Changing the Tone: An Interprofessional Student Experience in Management of Patients with Spasticity Disorders
Poster Description: Team-based care is best practice for healthcare providers; practitioners must be collaboration-ready and collaboration-savvy. Facilitation of interprofessional practice begins with student experiential learning opportunities that foster knowledge, skills and behaviors associated with interprofessional team competence. According to the Interprofessional Education Collaborative (2016), curricula designed to build competence should include information about the shared values of other professions; an understanding of one’s own role and that of other professions in assessing and addressing healthcare needs of individuals; practice in interprofessional communication, and knowledge about working as part of a team. Our goal was to promote a collaborative culture that would facilitate discussions about how occupational therapy, physical therapy, and physician assistant disciplines can work together to develop strategies for management of persons with hypertonicity, with the intention of enhancing patient experience, improving population health, increasing value, and improving the wellness of the health care team.

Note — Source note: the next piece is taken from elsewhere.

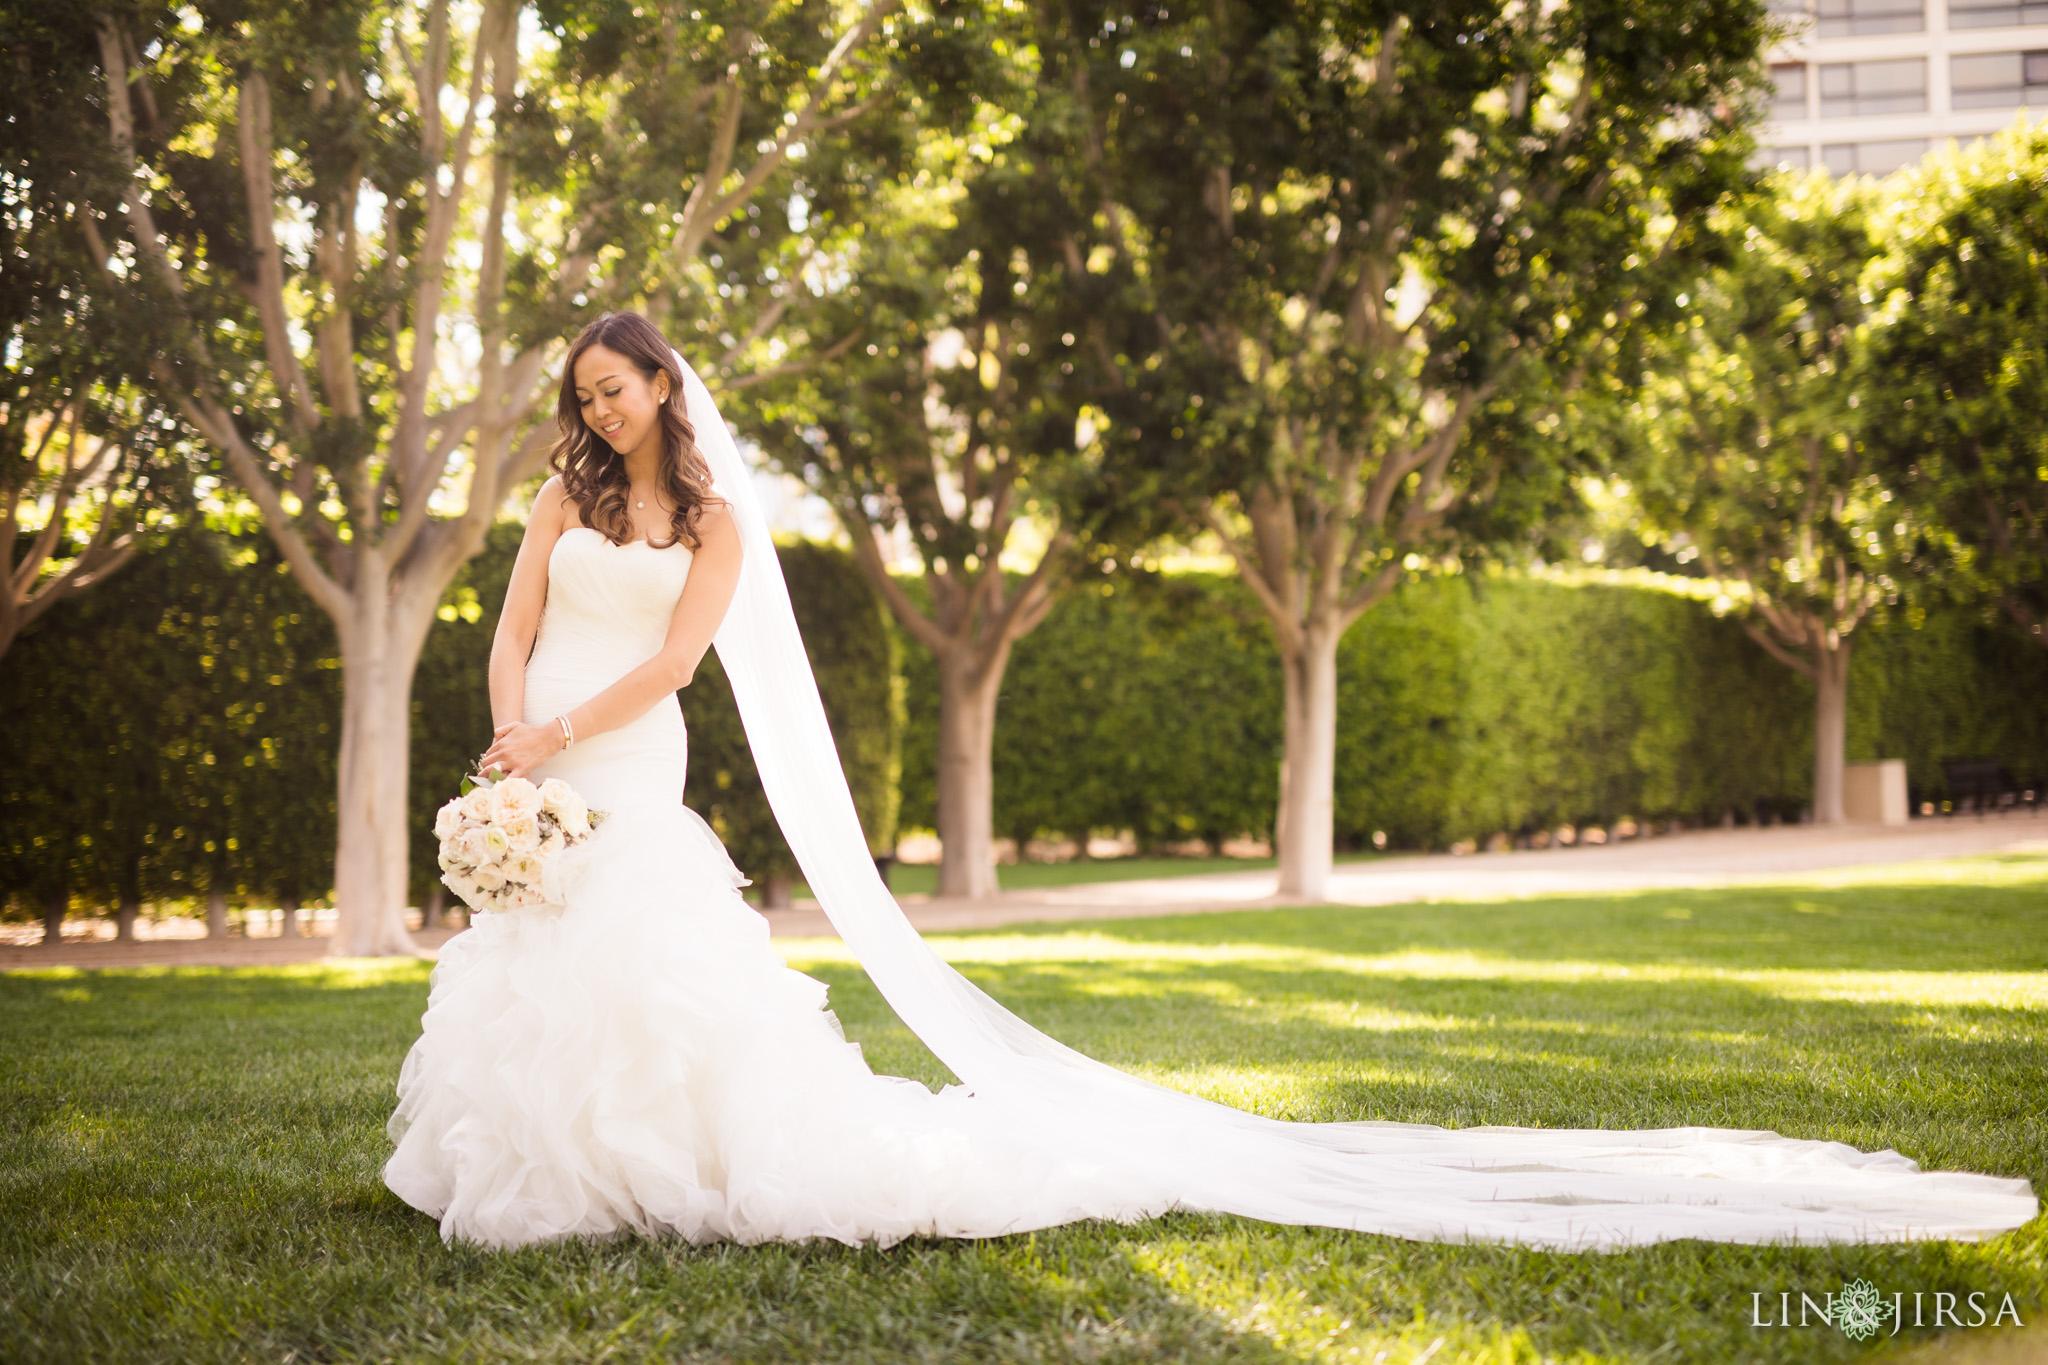 01 hotel irvine orange county bride wedding photography

Faculty from Gannon University Ruskin collaborated in designing an IPE ‘Tone Day’ in which 76 students from OT, PT, and PA were randomly assigned to one of 14 multidisciplinary ‘teams’. Each team was given a case-based scenario developed by faculty experienced in management of persons with hypertonicity. Prior to this event, faculty coached students about team-based care and prepared them to discuss their unique scope of practice with other related disciplines. Following a short introduction, students dispersed into pre-assigned groups. Cases were provided with guiding questions to consider. For example, students were asked to reflect on how different medicines might impact OT/PT interventions and patient outcomes given each patient’s unique circumstances and goals.
Following this breakout session, participants reconvened. Individual groups were called upon to report on their group’s response to prompts. Faculty interacted, asking additional questions, and sharing real life experiences in team-based care. Learning outcomes were assessed through quantitative and qualitative methods including an IPE experience survey and reflection assignments designed to give students an opportunity to consider the impact of this experience on their perceptions and attitudes about working with other disciplines.
This IPE session was developed through the diligent efforts of faculty, as we needed to coordinate multiple schedules, as well as space and other faculty obligations. It offers a road map which we hope to improve upon with future cohorts. Our intent is to offer several IPE events within the curriculum where students have opportunities to interact with other disciplines to build a foundational knowledge about the benefits of team-based care.